PROBLEM -> Without any pictures, print the lines below from the one that has "EN BUSCA DE" through the one that has "Pop Wheelies Not Pills - Women's T-Shirt", exactly and nothing else.

MATERIAL FOR THE TASK ->
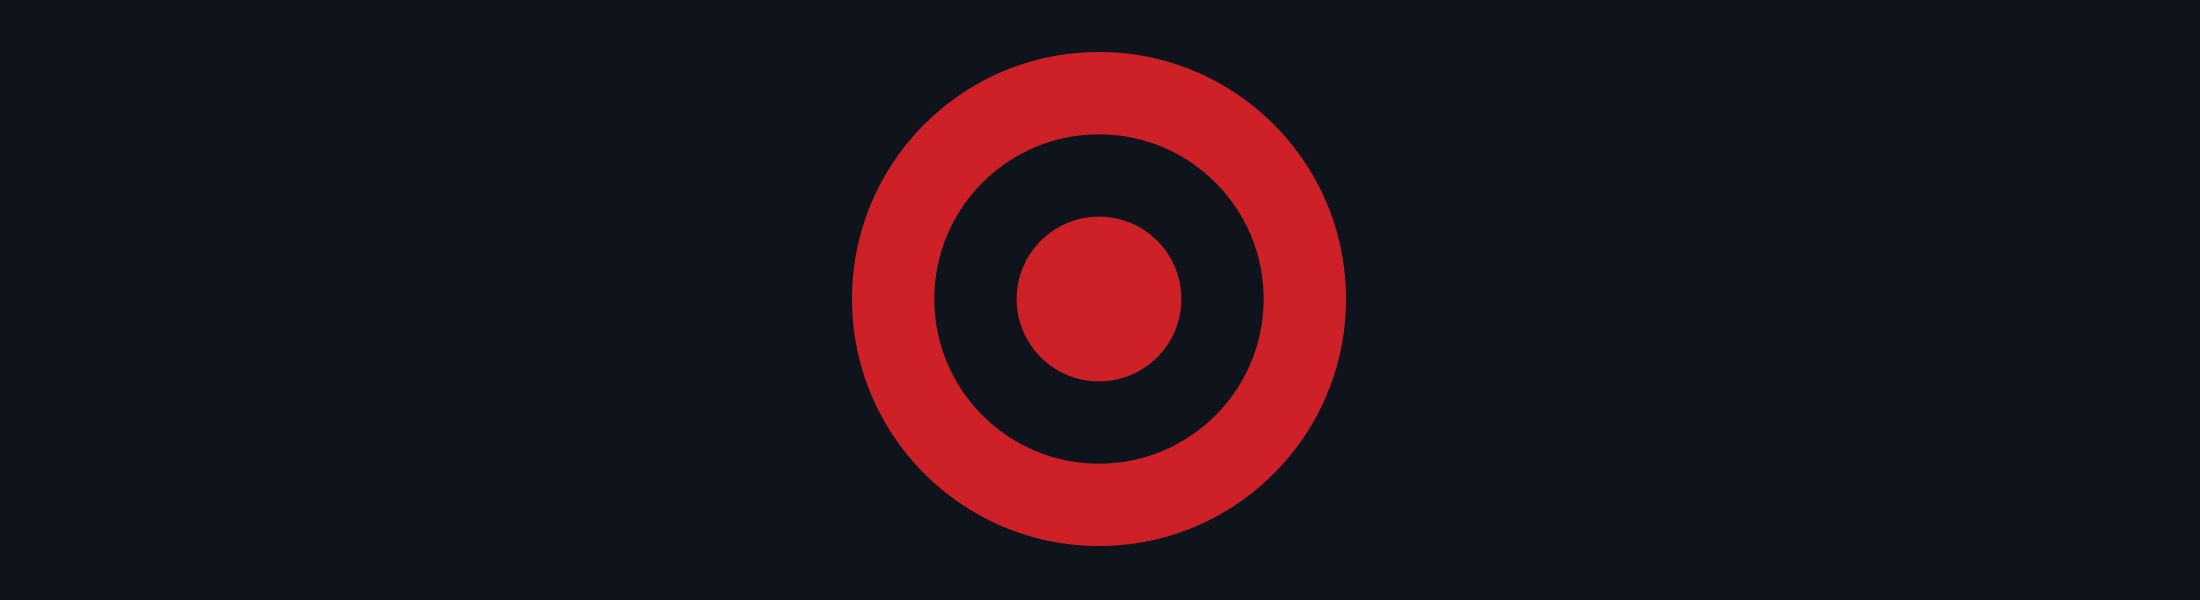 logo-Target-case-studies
--
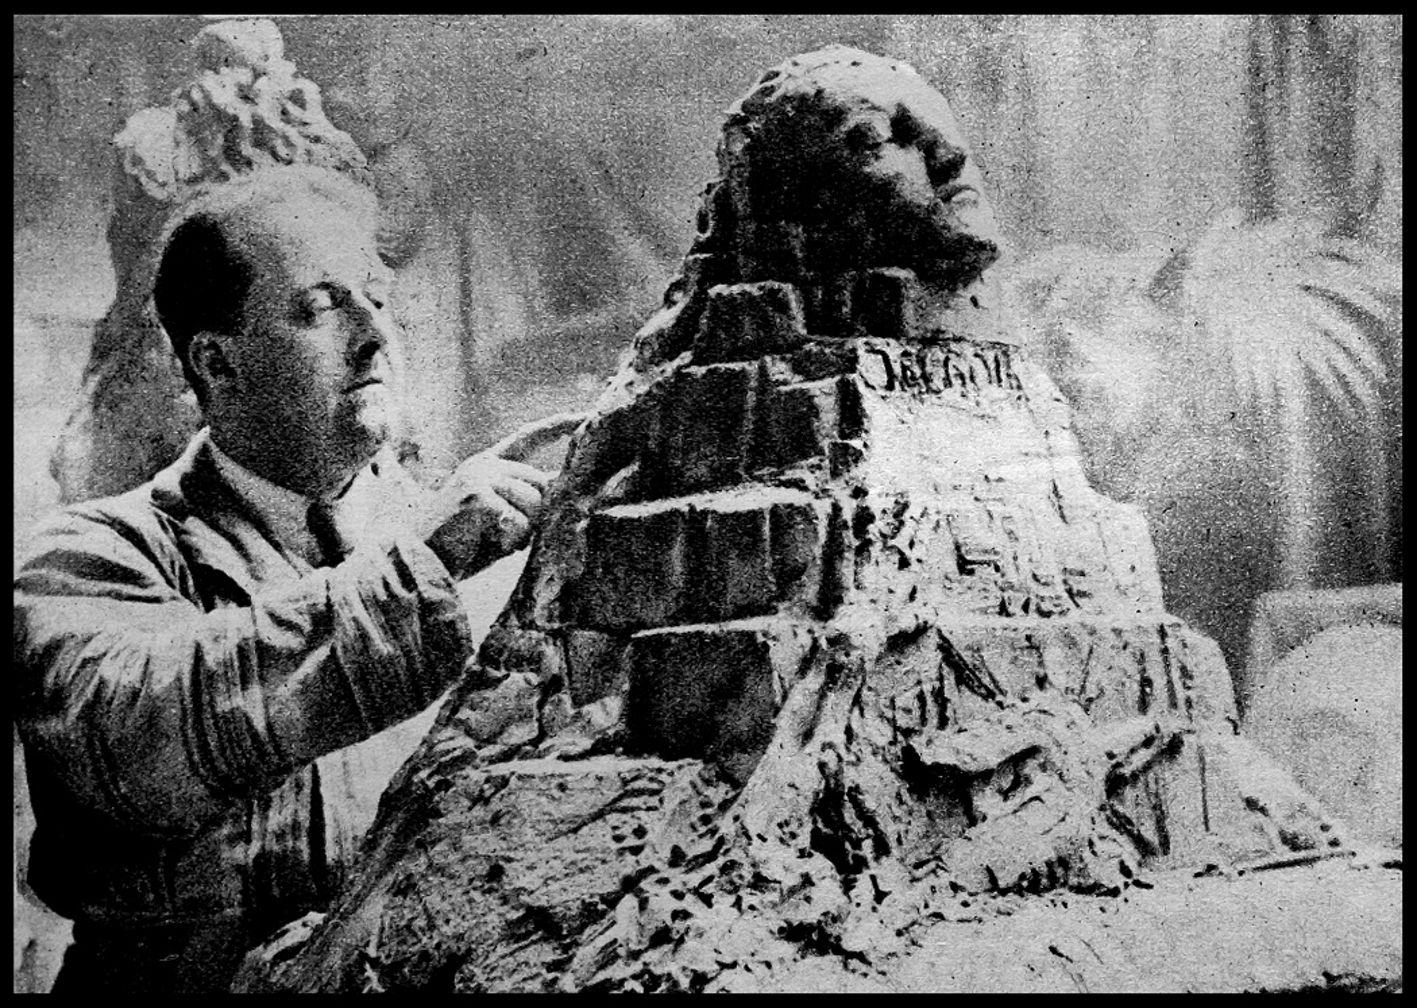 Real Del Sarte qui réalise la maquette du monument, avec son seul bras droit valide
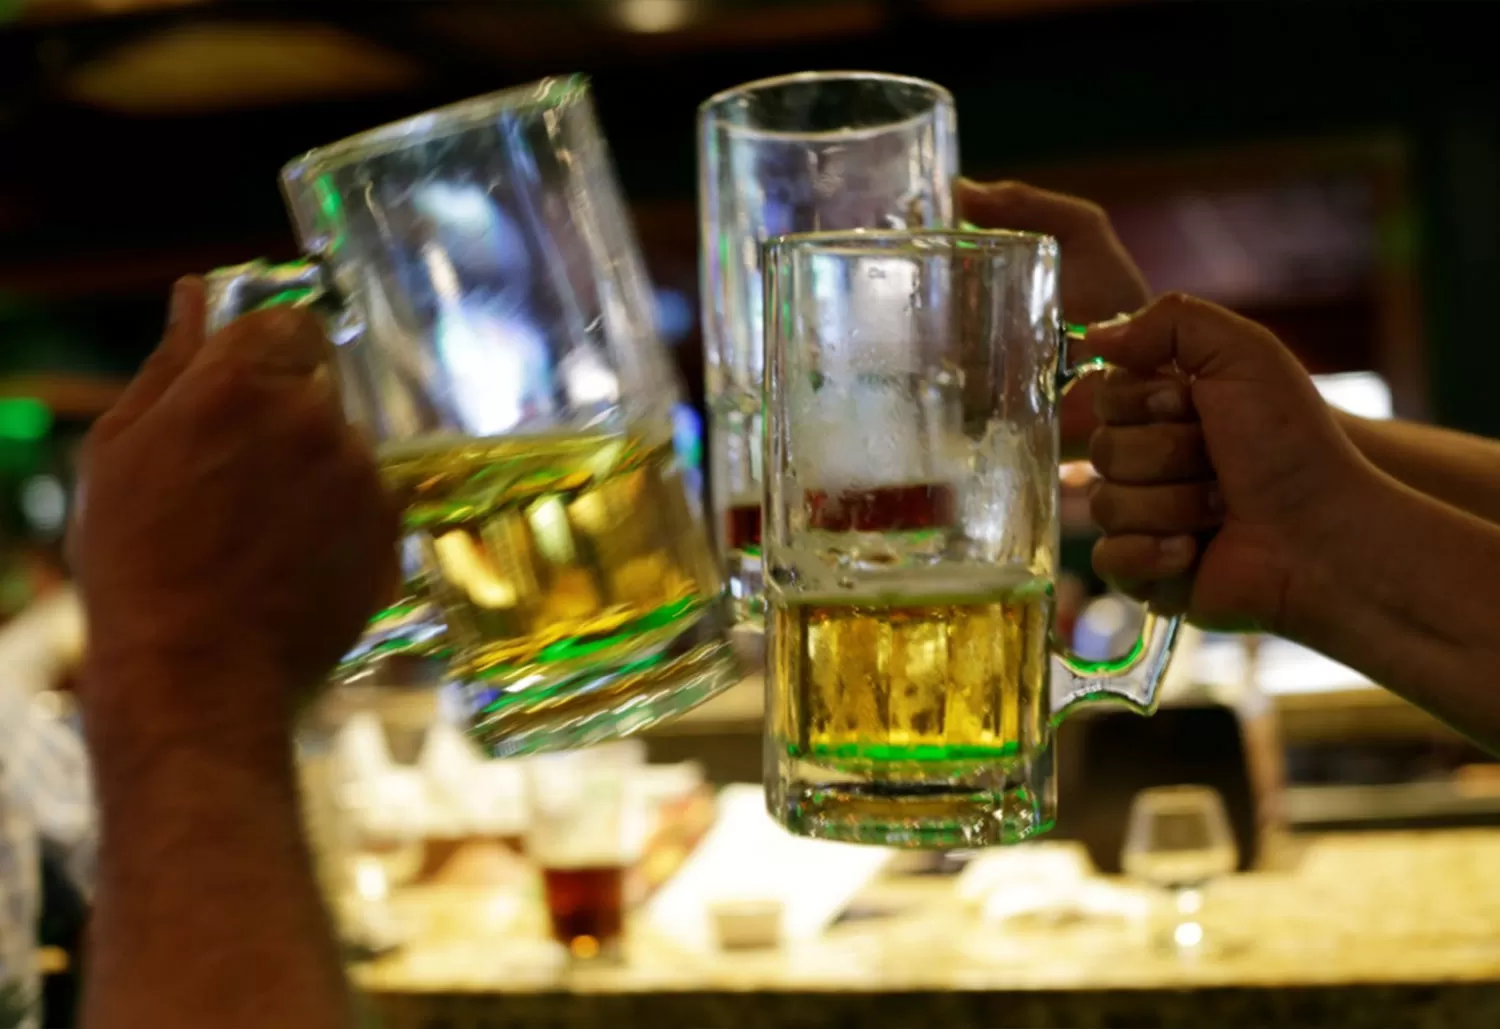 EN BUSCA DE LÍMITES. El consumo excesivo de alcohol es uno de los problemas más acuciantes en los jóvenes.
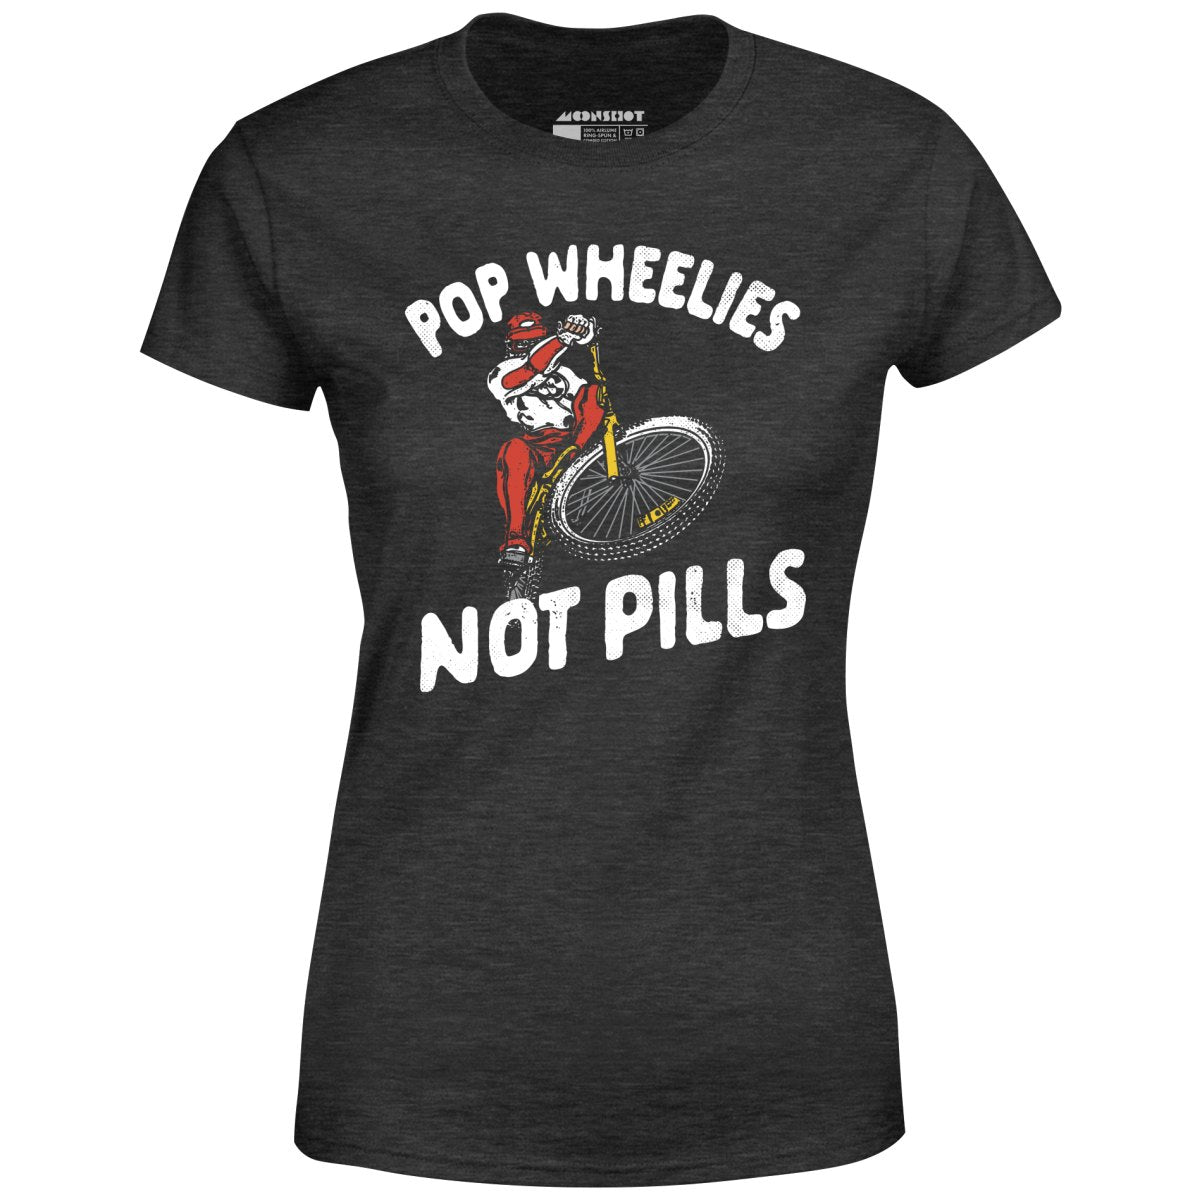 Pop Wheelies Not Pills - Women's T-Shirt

FINISHED TASK ->
 EN BUSCA DE LÍMITES. El consumo excesivo de alcohol es uno de los problemas más acuciantes en los jóvenes.
 Pop Wheelies Not Pills - Women's T-Shirt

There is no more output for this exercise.